By A.J. MacQuarrie
News reports that Wisconsin vending machine company Three Square Market will microchip employees are burning up social media today, and rightly so. The implanted $300 RFID microchips would let employees, perhaps desperate for a quick mid-afternoon Snickers bar, merely wave their hand in front of the lunchroom candy machine to get their pick-me-up.
Call me old fashioned, but implanting an electronic device under the skin should be reserved for medical procedures. Is saving five seconds really going to do much?
About the size of a grain of rice, the devices would be injected into the web of skin between a person’s thumb and index finger. They’re voluntary, and the company expects more than 50 employees will choose to get one on chip day, Aug. 1.
The company’s CEO envisions employees’ subdermal chips to eventually open the company’s doors, to activate the office copy machine, unlock workplace phones, log into employee’s computers, share business cards, and even store employee medical and health information.
The company makes a passing nod toward privacy concerns. Sure, the data will be encrypted as it flows from newly-enhanced humans to chip readers and, presumably, linked devices. And these chips aren’t GPS capable, so if an employee gets lost chasing squirrels in the park, these implants unfortunately can’t help quickly reunite him with his work family.

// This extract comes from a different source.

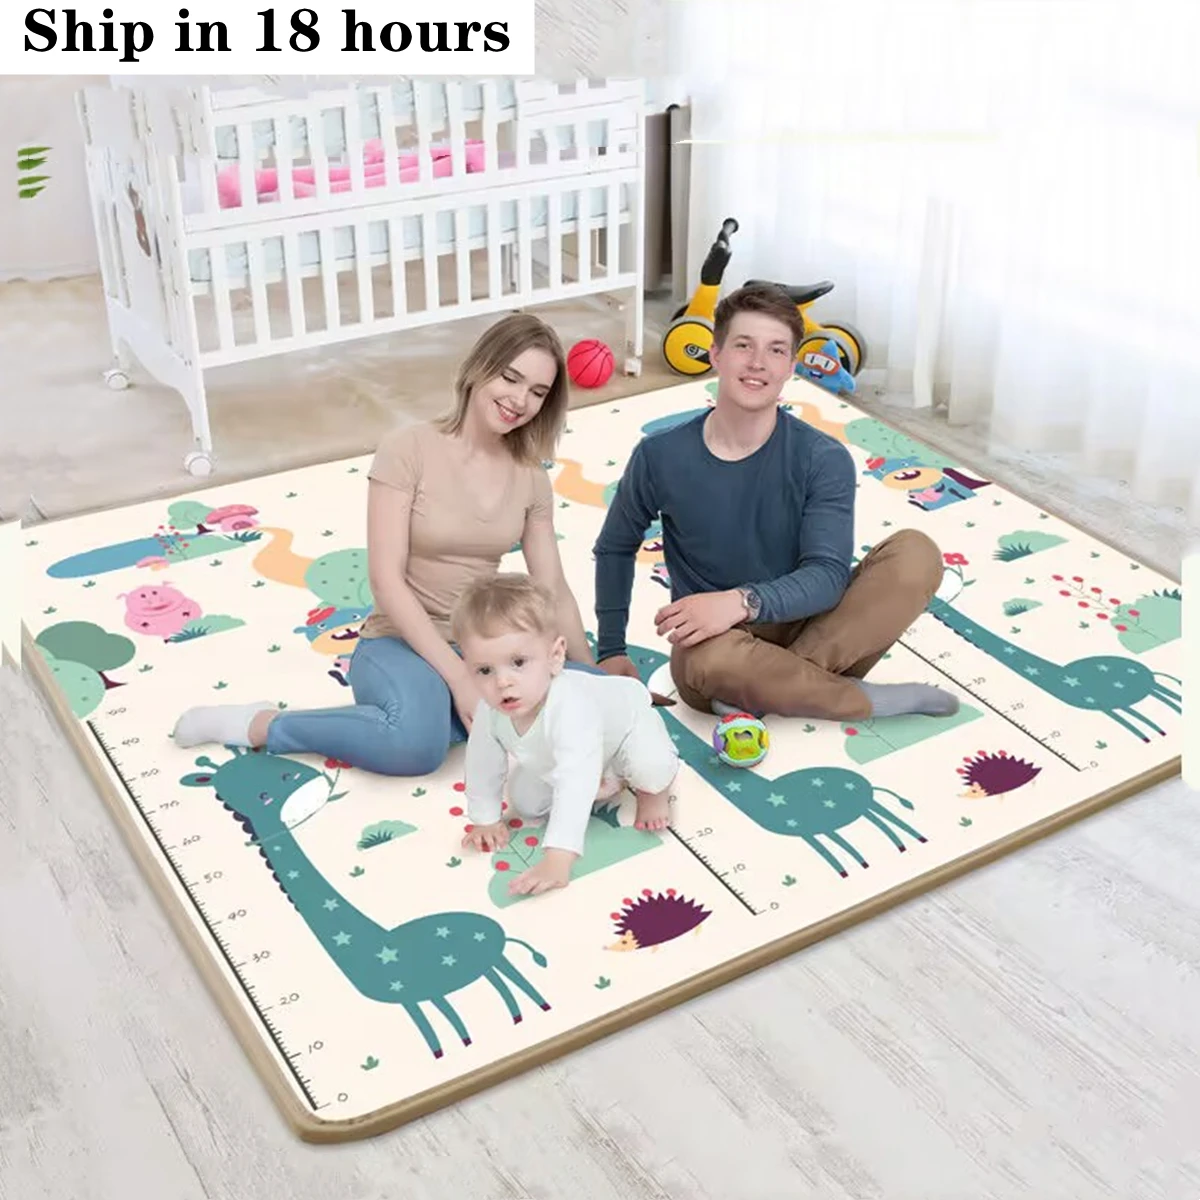 

Large Size Baby Activities Crawling Play Mats Non-toxic Thick EPE Baby Activity Gym Room Mat Game Mat for Children's Safety Rugs

Joking aside, it’s a head-scratcher. Make no mistake, this technology isn’t about making things easier for vending machine customers. I run a vending company. People today already are as connected to their phones as they are to their hands — and modern vending machines come with electronic payment abilities, such as ApplePay, and quick credit card readers.
The chip is about making things easier for the company by collecting data. Lots of data. Hours could be tracked for productivity, waste and workflow (re: copier – “Your chip data tells us you were the person who didn’t replace the toner!”) A salesman is departing? Download all his leads. “One last thing, Mel. I also need to have the company chip back. Could you hand me that hole punch?”
How will the chip data be used – especially when it bleeds over into storing employee medical and health information? While “voluntary,” would an unchipped employee be penalized by paying a higher company insurance premium – just as people who decide to remain overweight and smoke tobacco often lose out on discounts given to those who join Weight Watchers or smoking cessation programs?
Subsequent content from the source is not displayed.